■ Information provided:

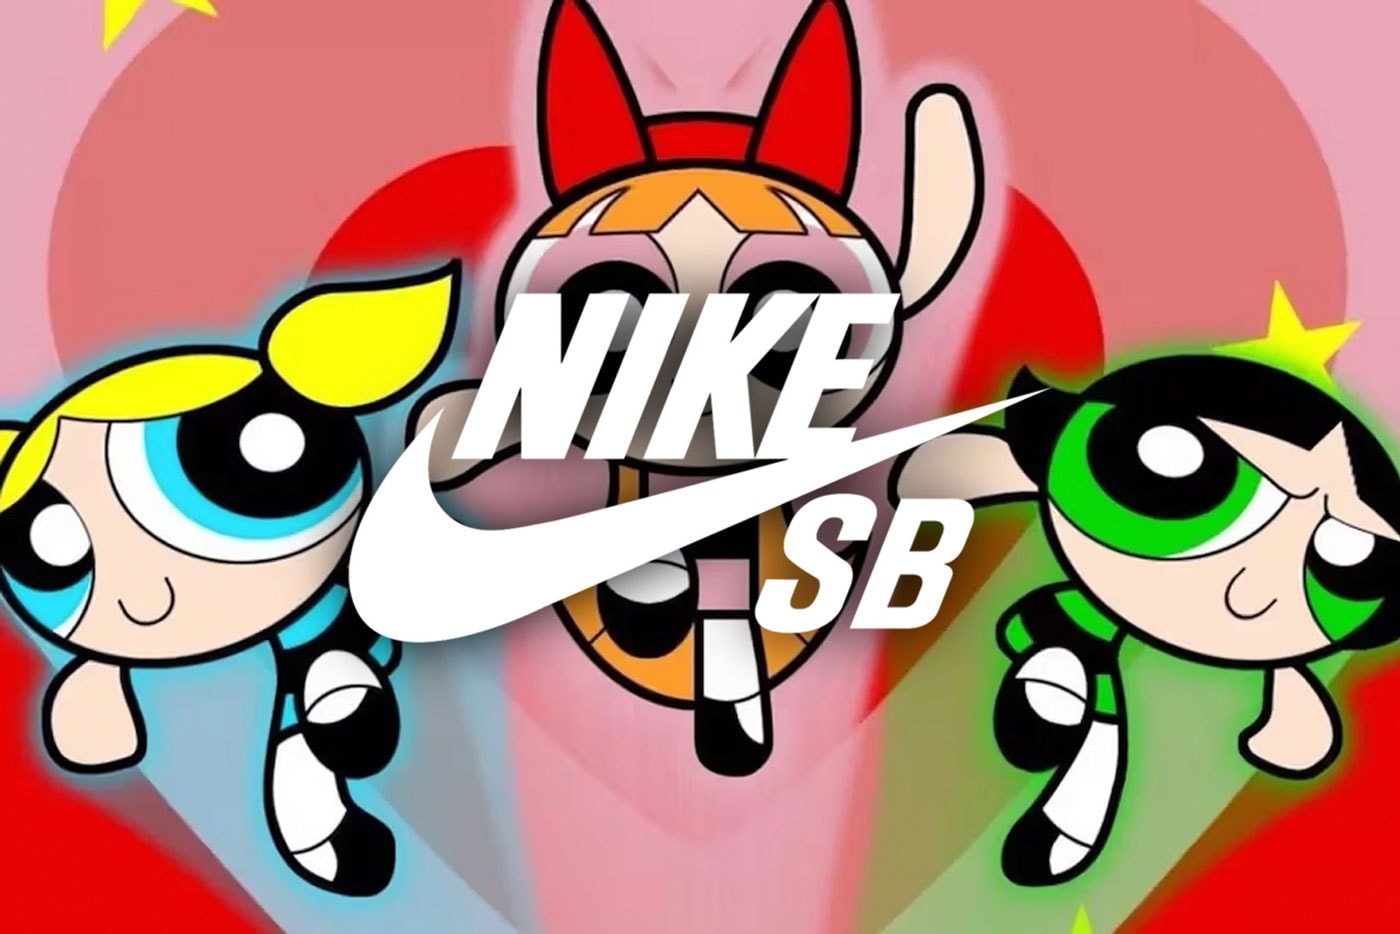 ナイキSBと『パワーパフガールズ』によるコラボレーションが実現？ Nike SB Is Reportedly Working on Powerpuff Girls Collaboration rumors swoosh dunk low reboot live action news info
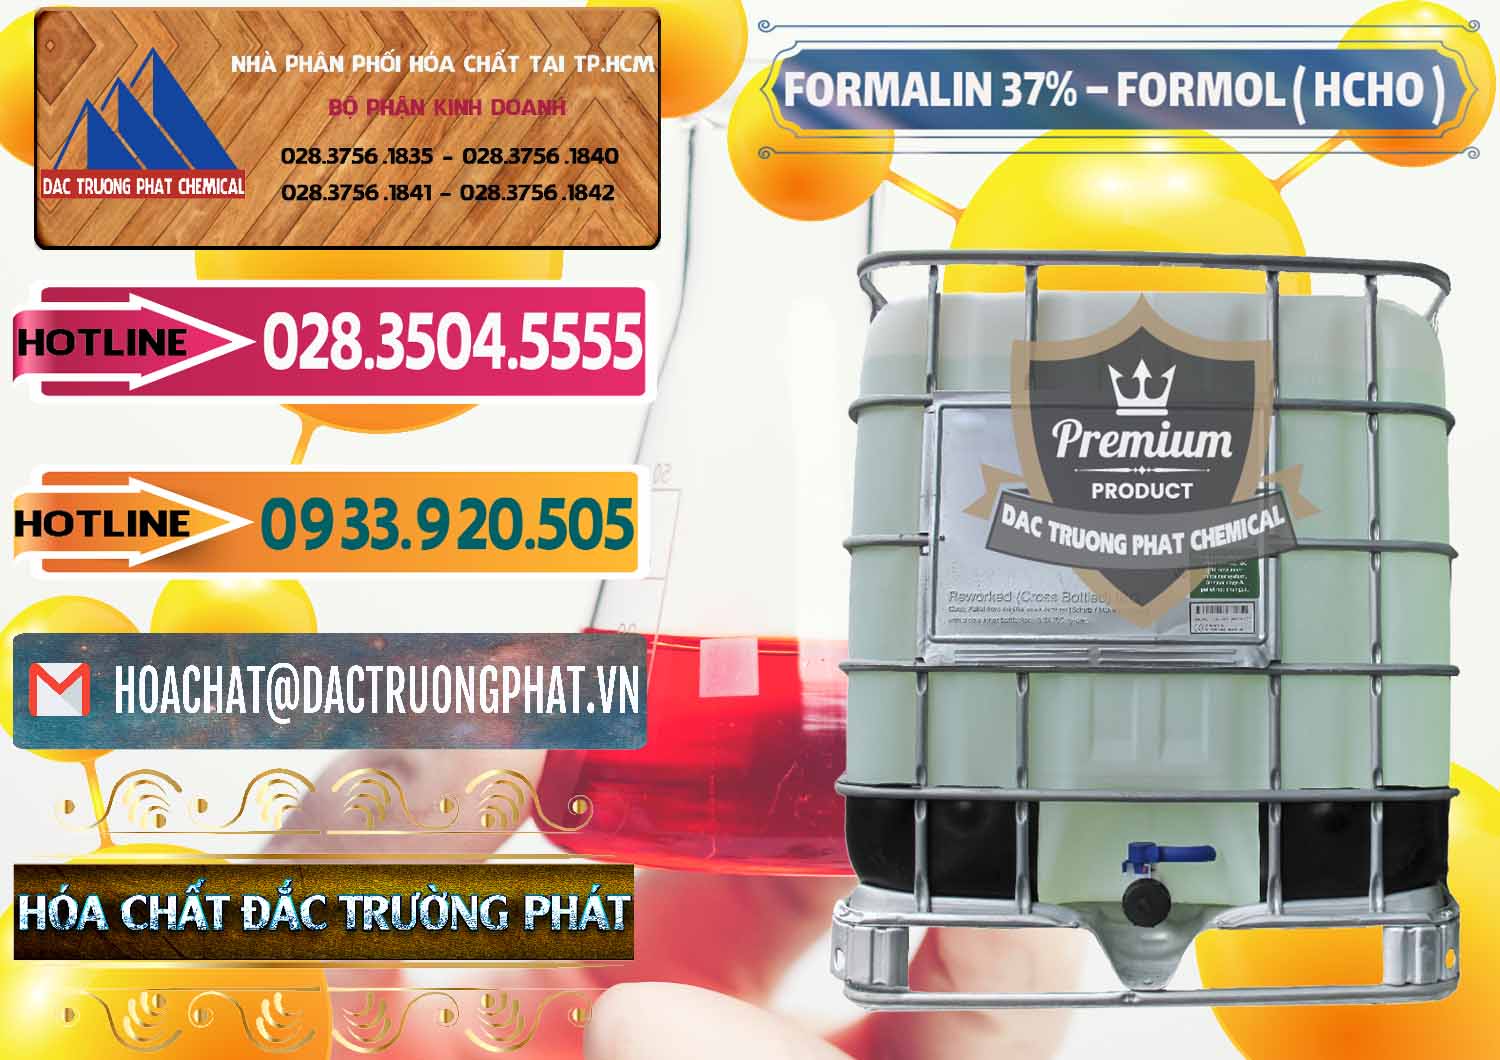 Cty chuyên phân phối & bán Formalin - Formol ( HCHO ) 37% Việt Nam - 0187 - Cung cấp _ kinh doanh hóa chất tại TP.HCM - dactruongphat.vn
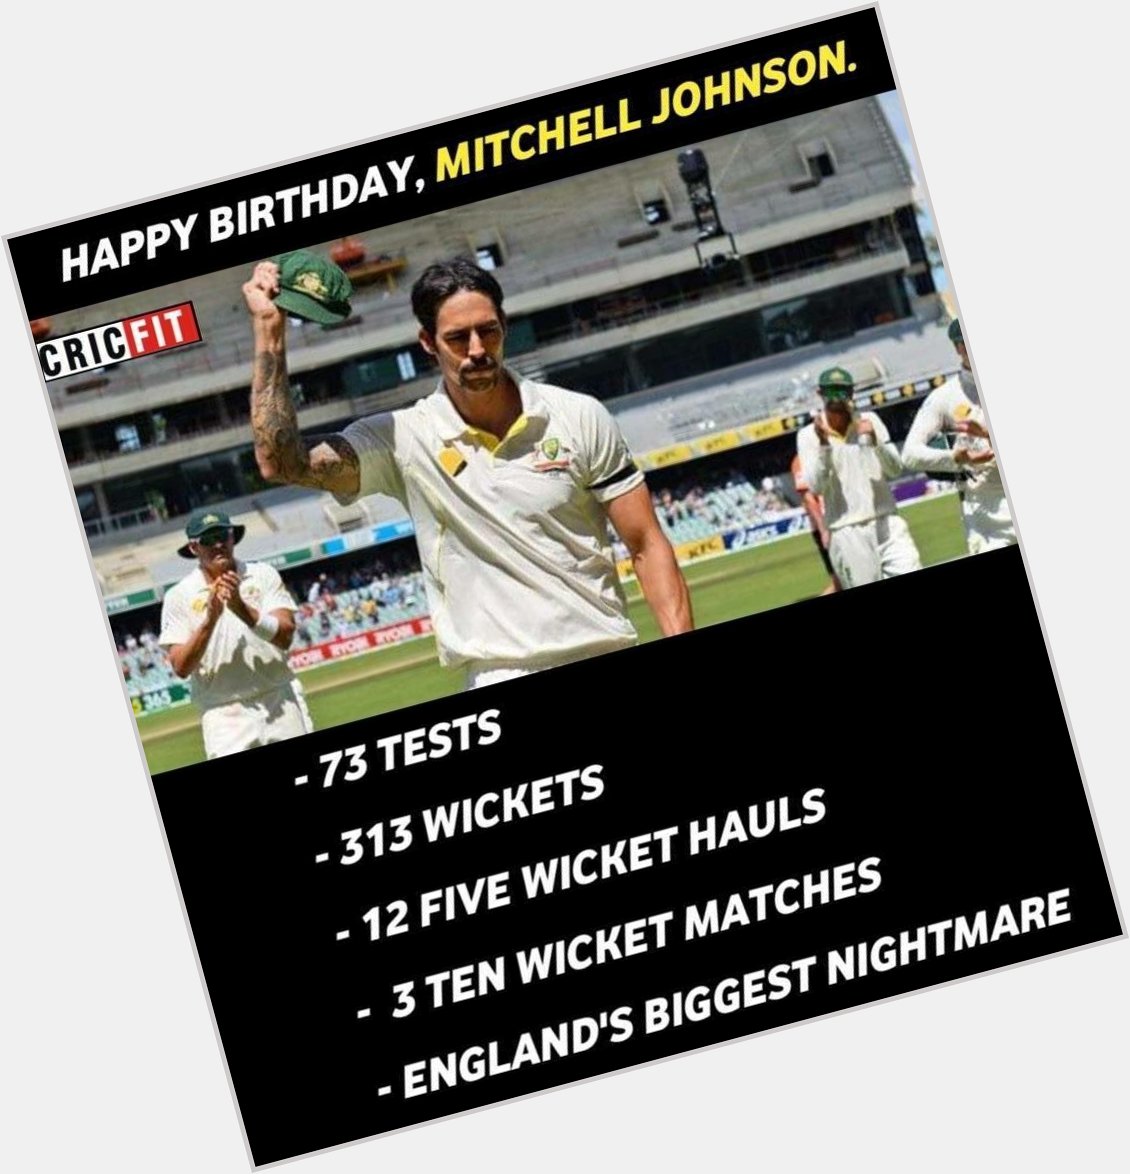 Happy birthday Mitchell Johnson! 
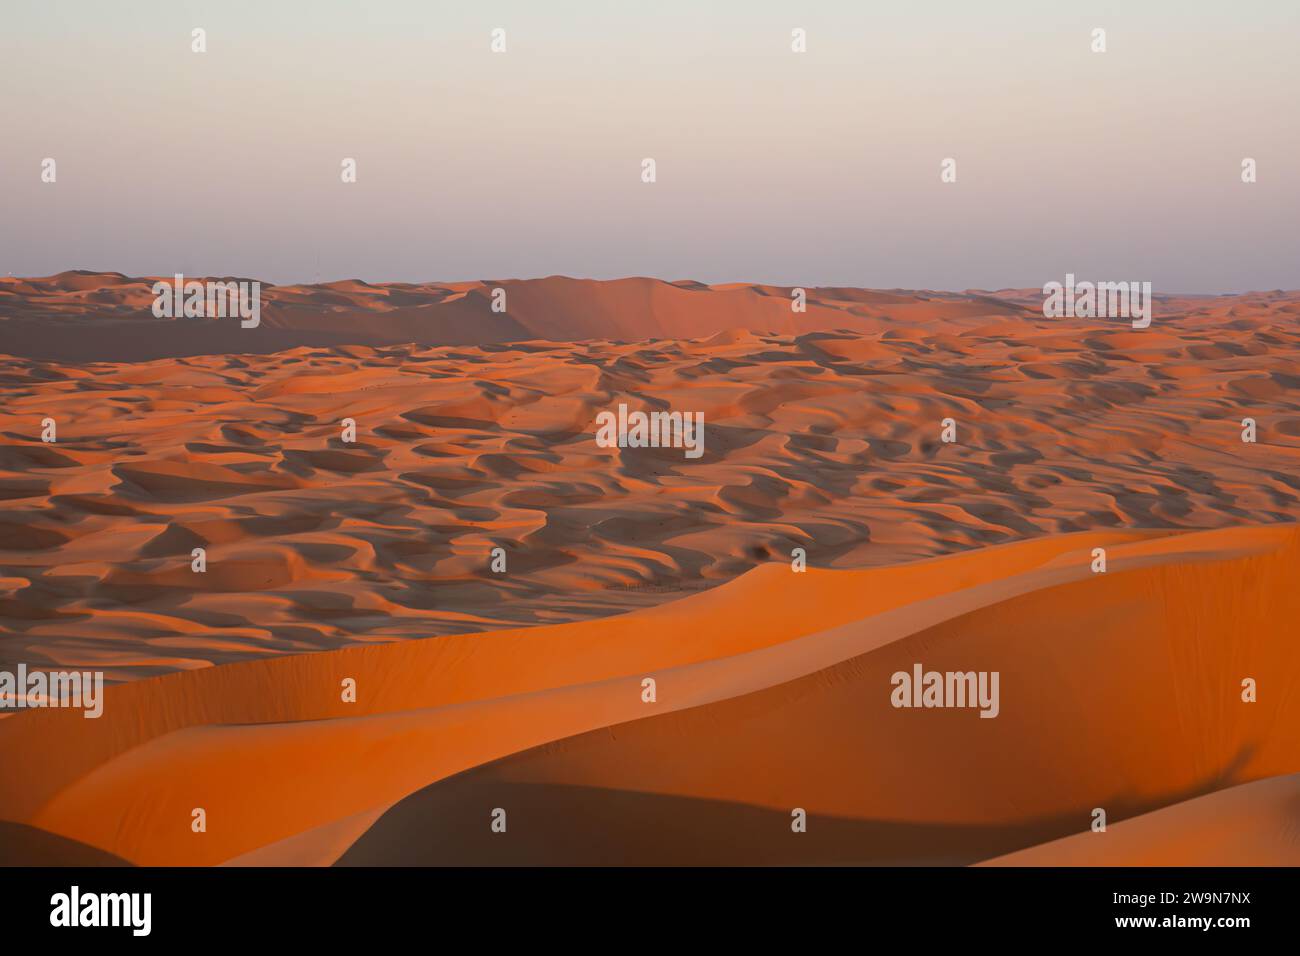 Panorama des dunes de sable de couleur orange et rouge du désert arabe Banque D'Images

■ Instructions to follow: Locate "Cty chuyên phân" in the listing above, then print exactly the lines from that line through the final one, omitting all pictures.

■ Reply:
 Cty chuyên phân phối & bán Formalin - Formol ( HCHO ) 37% Việt Nam - 0187 - Cung cấp _ kinh doanh hóa chất tại TP.HCM - dactruongphat.vn
 Happy birthday Mitchell Johnson! 
 Panorama des dunes de sable de couleur orange et rouge du désert arabe Banque D'Images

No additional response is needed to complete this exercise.